Эта операция у хирурга стоит 350 долларов. Не знаю, что сможет получить за свой «эксерсайз» Игнат, но моё ассистирование стоит 130 долларов, и я их надеюсь получить. За все такие операции в исполнении доктора Слоуэна я свои ассистентские исправно получал. Я не могу сказать, что мне нравится Тхлелане – я просто люблю его…
142. Послеуниверситетский тренинг врачей в ЮАР
Когда я решился отправиться в ЮАР, у меня не было ни малейшего представления о том, как готовят врачей в этой стране, как функционирует служба здравоохранения. В мыслях я так видел свою нишу в обществе медиков ЮАР: «Буду руководить практикой студентов в каком-нибудь отдалённом от больших центров госпитале…».

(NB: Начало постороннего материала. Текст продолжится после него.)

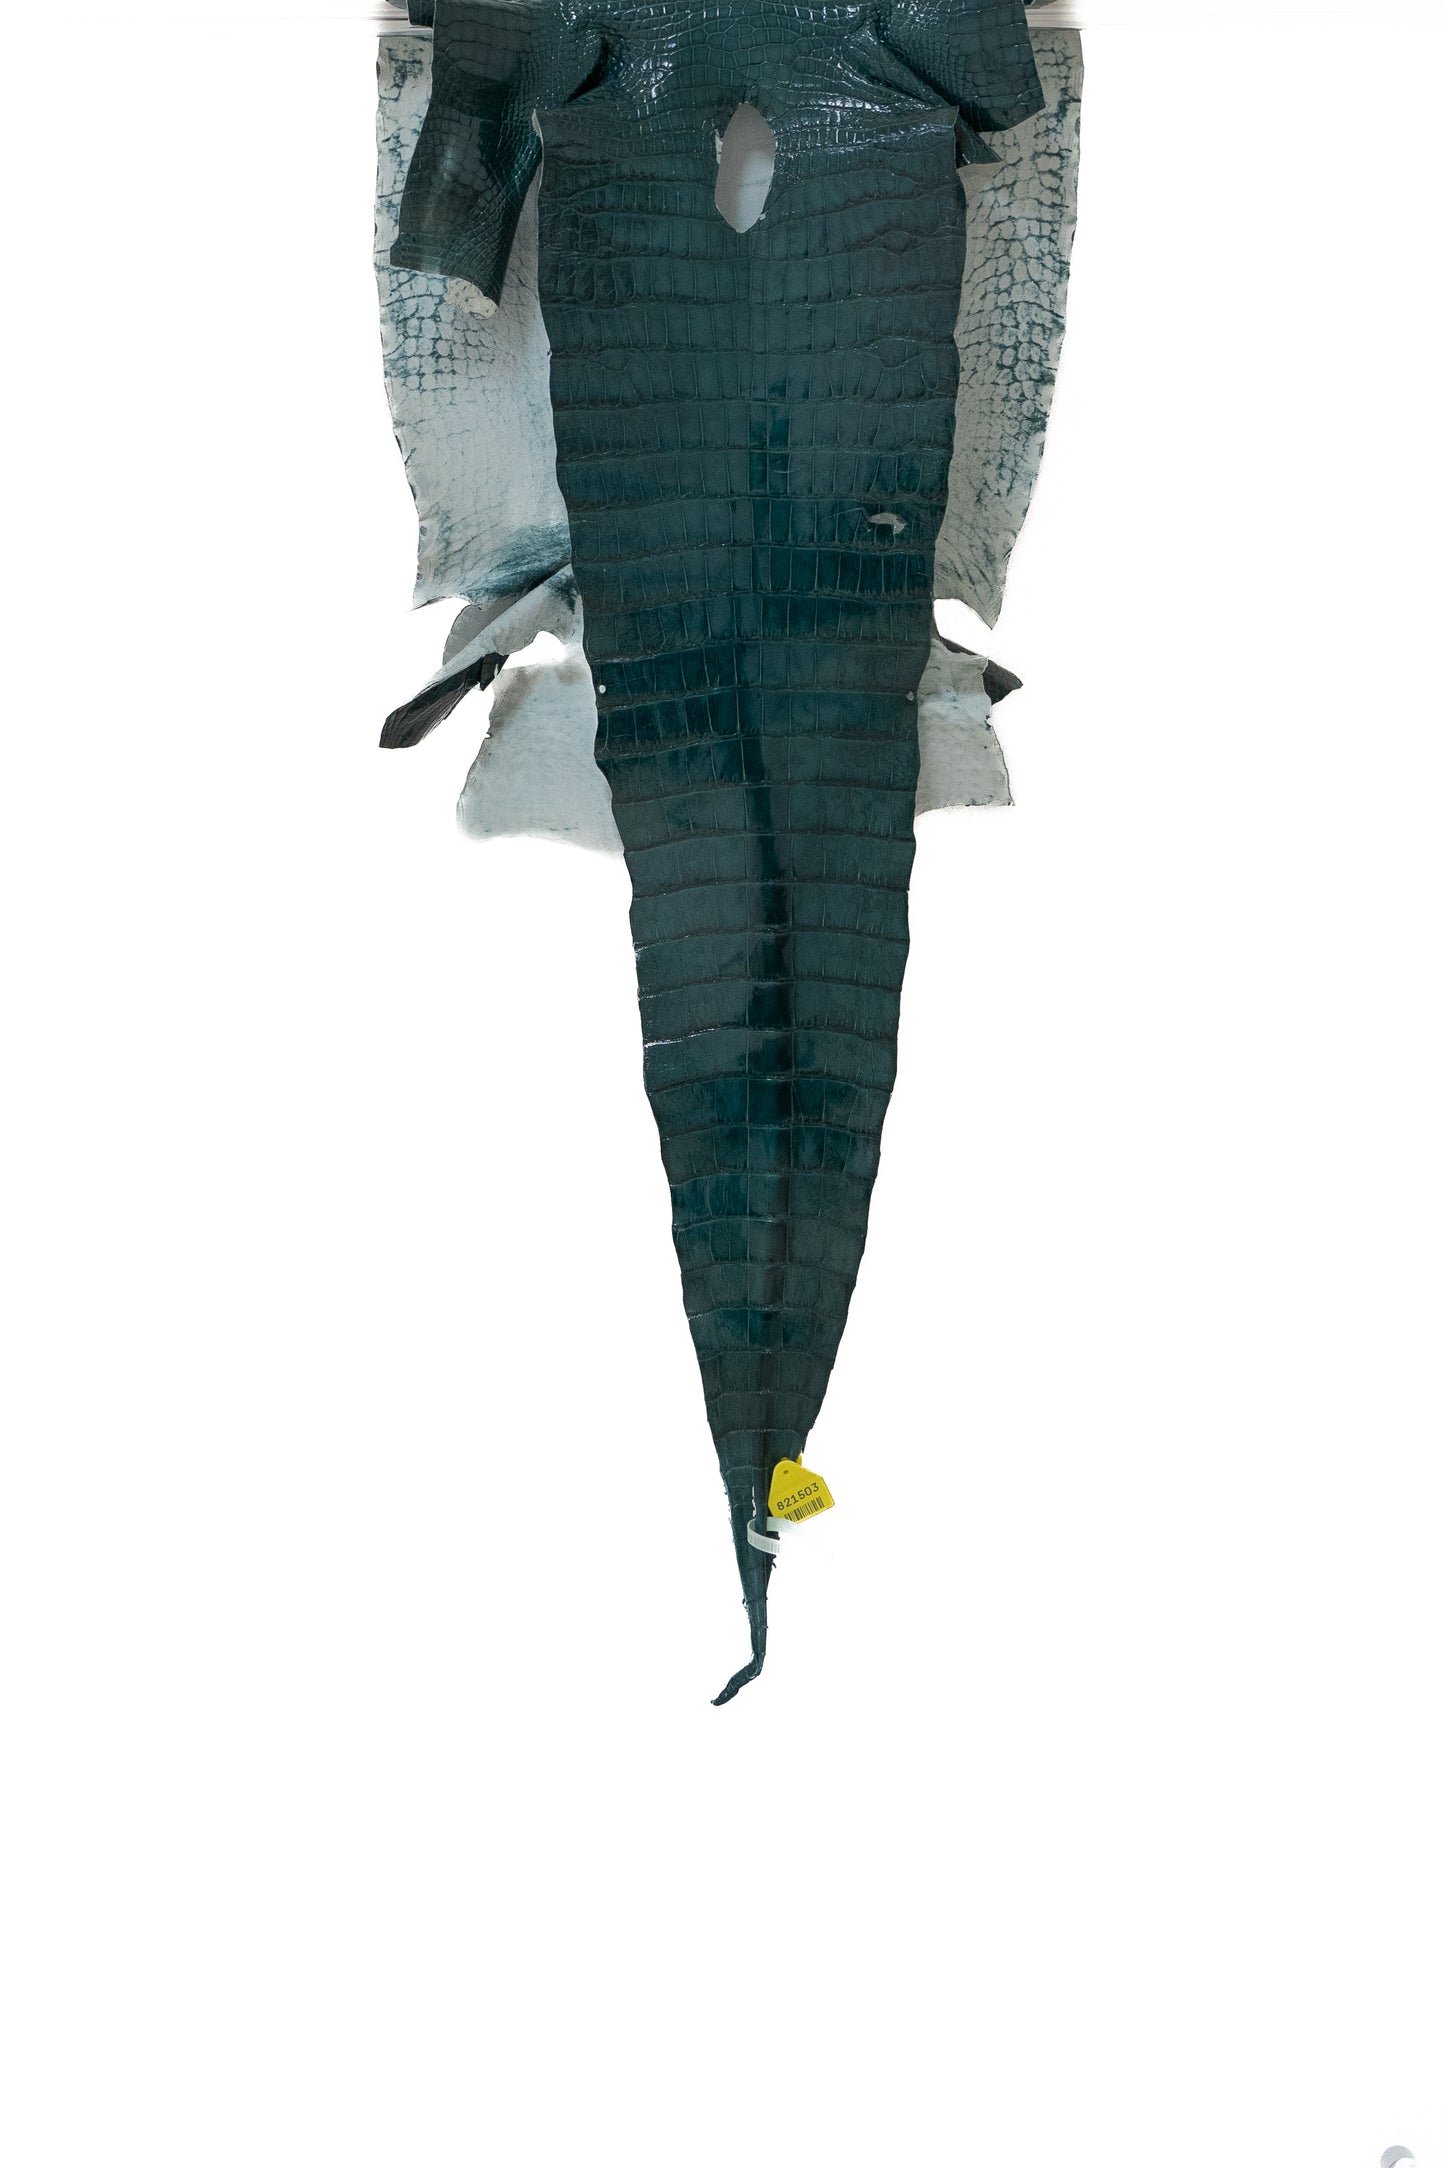 47 cm Grade 3/4 Nile Glazed Wild American Alligator Leather - Tag: LA14-0029376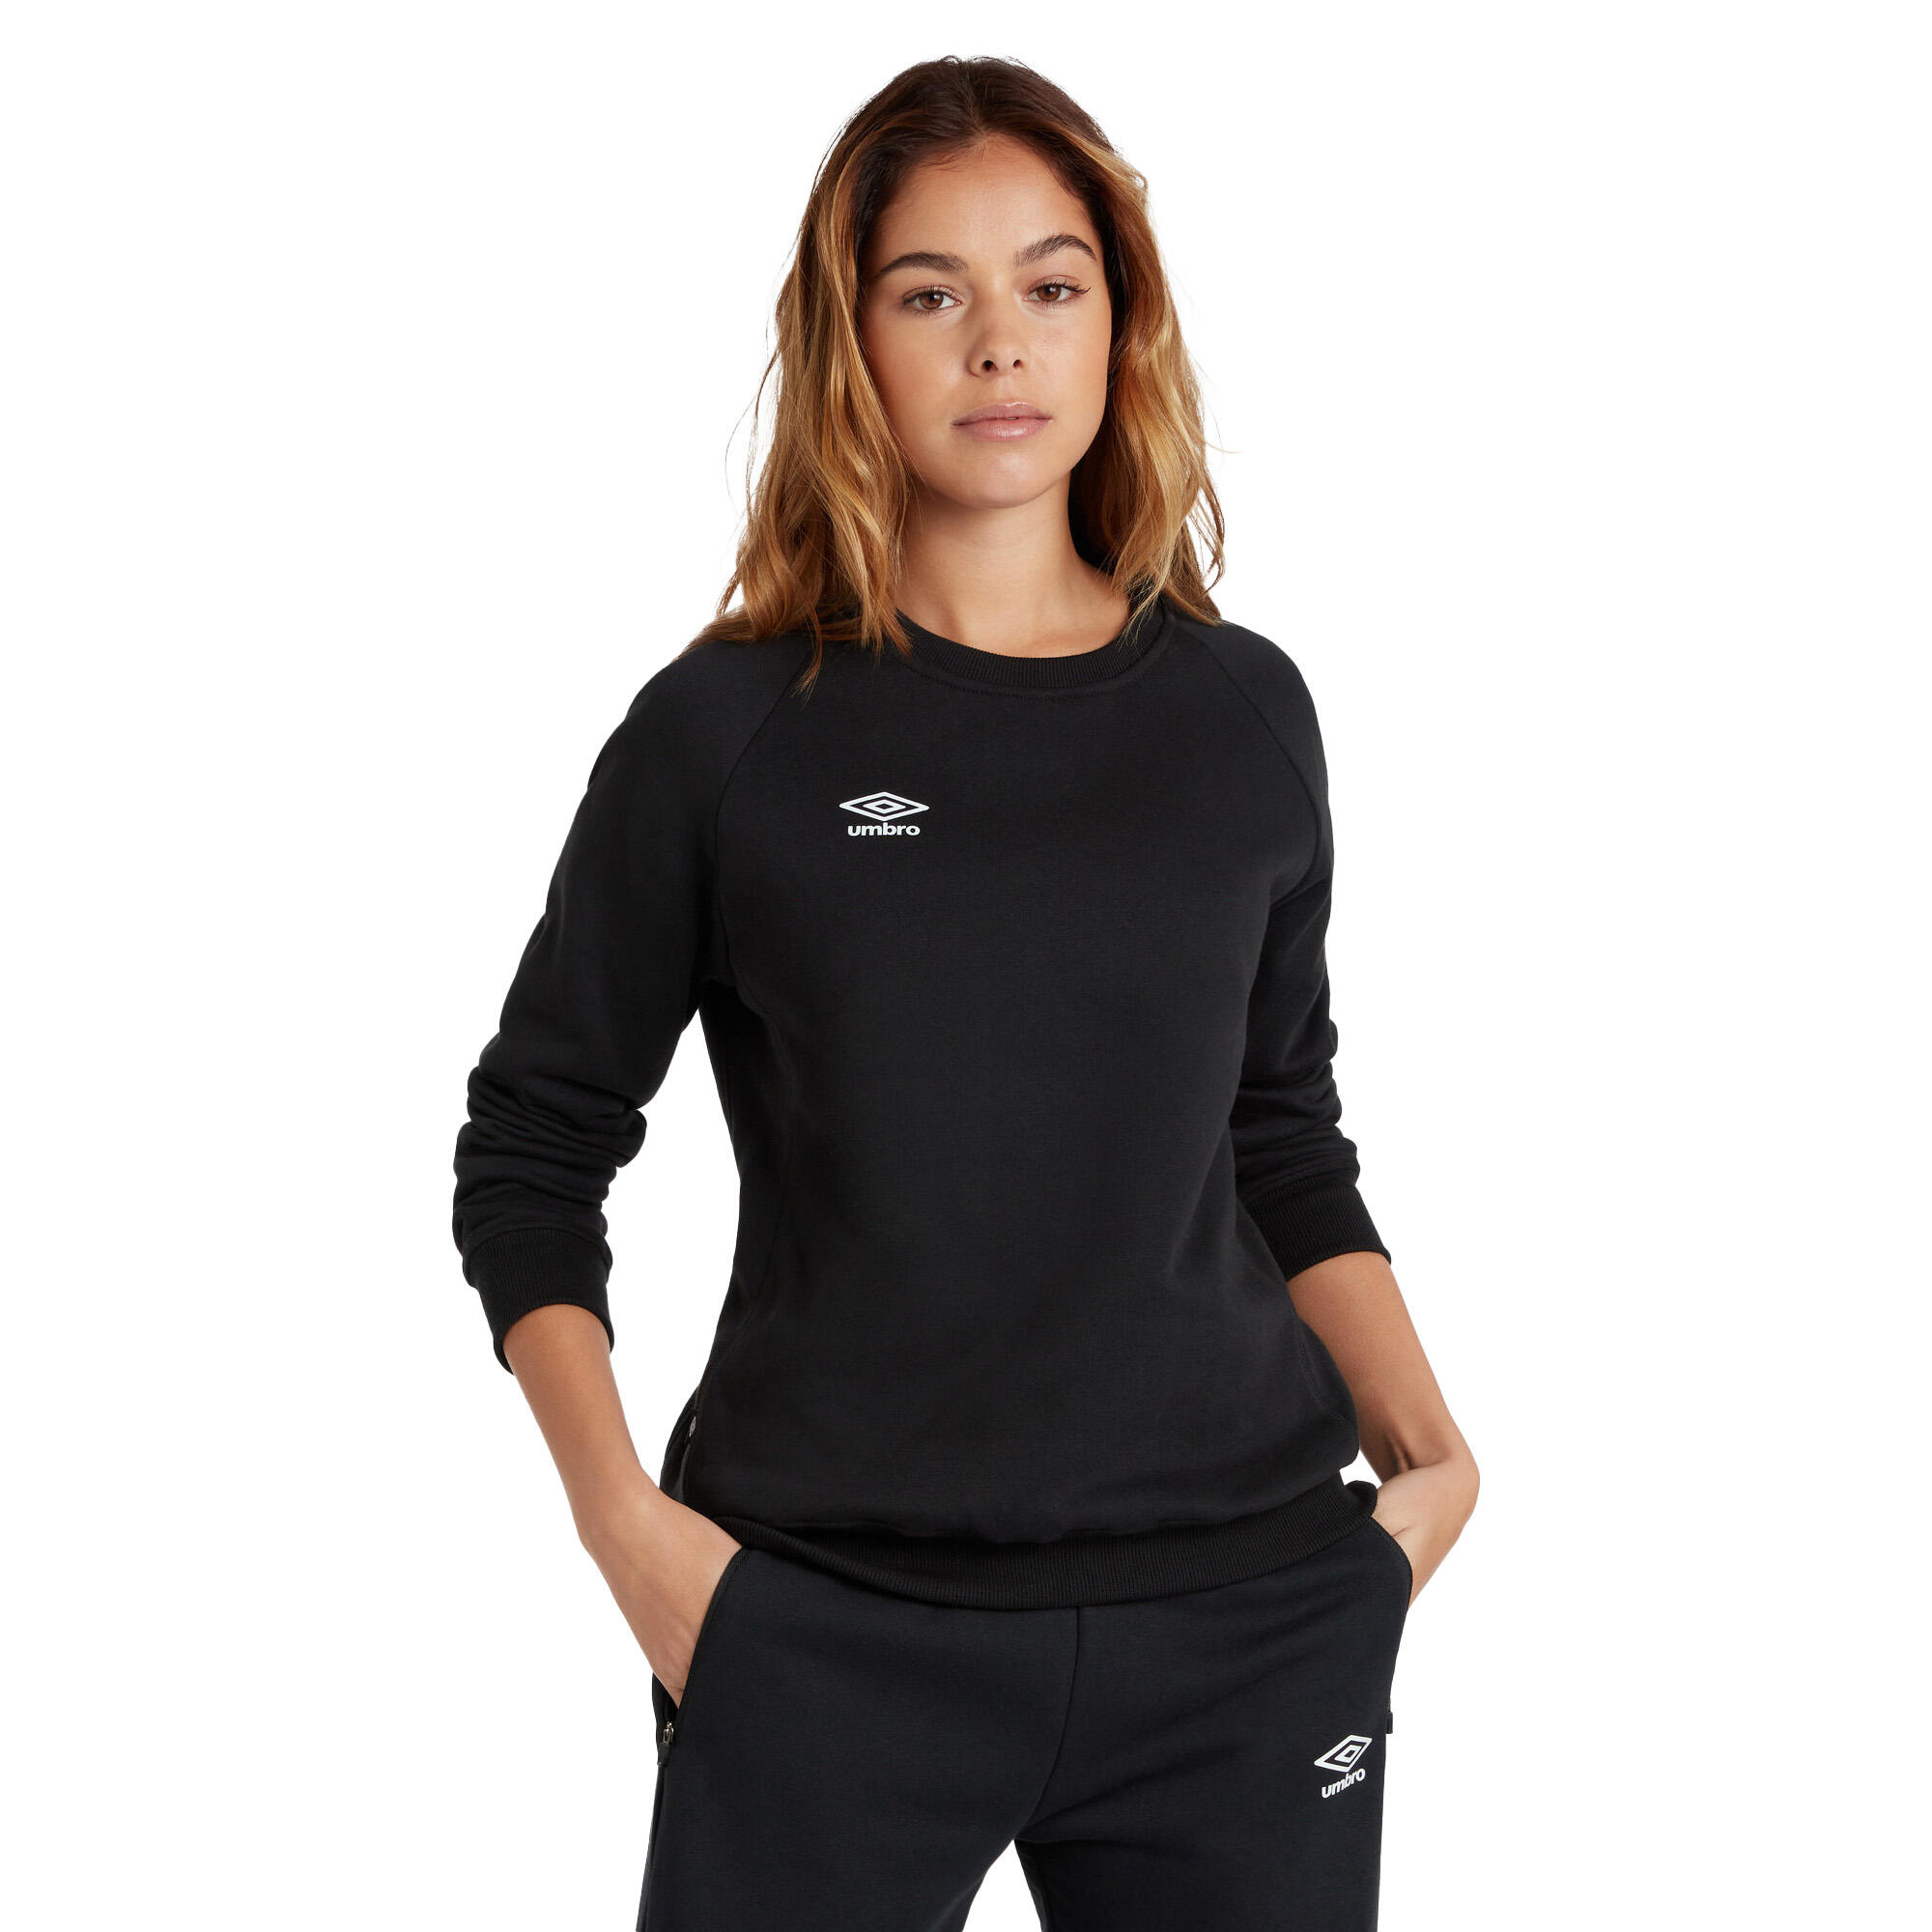 Womens/Ladies Club Leisure Sweatshirt (Black/White) 4/4

Мой друг-и-босс, профессор Андрей Маховский, сейчас (на три месяца) – и.о. декана медицинского факультета Университета Лимпопо, а меня, своего постоянного зама, на эти три месяца Андрей оставил заведовать хирургической службой госпиталя. Мне от этого поста ни денег, ни славы, поскольку у меня нет никаких прав – одни обязанности. Одна из них – обеспечение практики студентов. Таким образом, свою нишу в обществе медиков ЮАР я, похоже, угадал правильно…
В 1998 г я писал своему первому учителю хирургии профессору Б.Д. Савчуку, который в силу своего поста научного руководителя Кремлёвской больницы был в дружеских отношениях с Са-ааа-амым Главным Хирургом России академиком В. Савельевым:
– БД, переговорите с академиком Савельевым… Я готов взять на себя бесплатно роль декана по практике российских студентов на юге Африки – Ангола, Мозамбик, ЮАР, Свазиленд, Лесоту, Ботсвана, Замбия, Зимбабве…
БД с академиком переговорил и сообщил мне:
– Слава, докладываю реакцию Са-ааа-амого Главного Хирурга России на твоё предложение: «Боря, а на хера тебе это нужно?».
Тем не менее, мне удалось и Савчука привезти сюда для поработать, а сейчас – четырёх экс-советских хирургов. Не будем выяснять во сколько раз (в долларах) они почувствовали себя мужчинами, будем считать их хирургический рост…
Они отработали в Лимпоповии ровно год. Каждый из них за это время выполнил примерно одинаковое количество операций – в среднем 350. Операции различной сложности – от шеи через грудную клетку, живот и прямую кишку до пальцев стоп…
Высокая практическая нагрузка у них сочетается с напряжёнными занятиями для сдачи экзамена в Медицинский Совет ЮАР, что позволит им искать работу в любом госпитале страны[65].
Ниже – список учебных мероприятий, на которые направлялись наши доктора за прошедший год…
Quintiles GCP Workshop for Investigators
Polokwane, Ranch Hotel
June 5, 2004
Controversies and Problems in Surgery: Symposium
Pretoria, University of Pretoria
Oct 1–2, 2004
Wits Basic Surgical Skills Workshop
Polokwane, Polokwane Hospital
Sept 1–3, 2004
Ethicon Prolene Mesh Hernia System Workshop
Polokwane, Polokwane Hospital
2005
Ethicon staplers and harmonic scalpel workshop
Pretoria, Onderstepoort Veterinary Institute
June 3, 2005
Ethicon Laparascopic Anti-reflux Surgery Workshop
Pretoria, UNITAS Hospital
June 24, 2005
ISS/SIC 41st World Congress of Surgery
Durban, International Convention Center
Aug 21–25, 2005
Wits Advanced Trauma Life Support Course
Polokwane, Polokwane Hospital
Oct 5–7, 2005
Eticon Laparascopic Suturing Workshop
Johannesburg, Wits Medical School
Nov 24–25, 2005
…Через 6 часов молодые хирурги экс-СССР уезжают из Лимпоповии в Дурбан (Ква-Зулу Натал) на 41-й международный конгресс хирургов…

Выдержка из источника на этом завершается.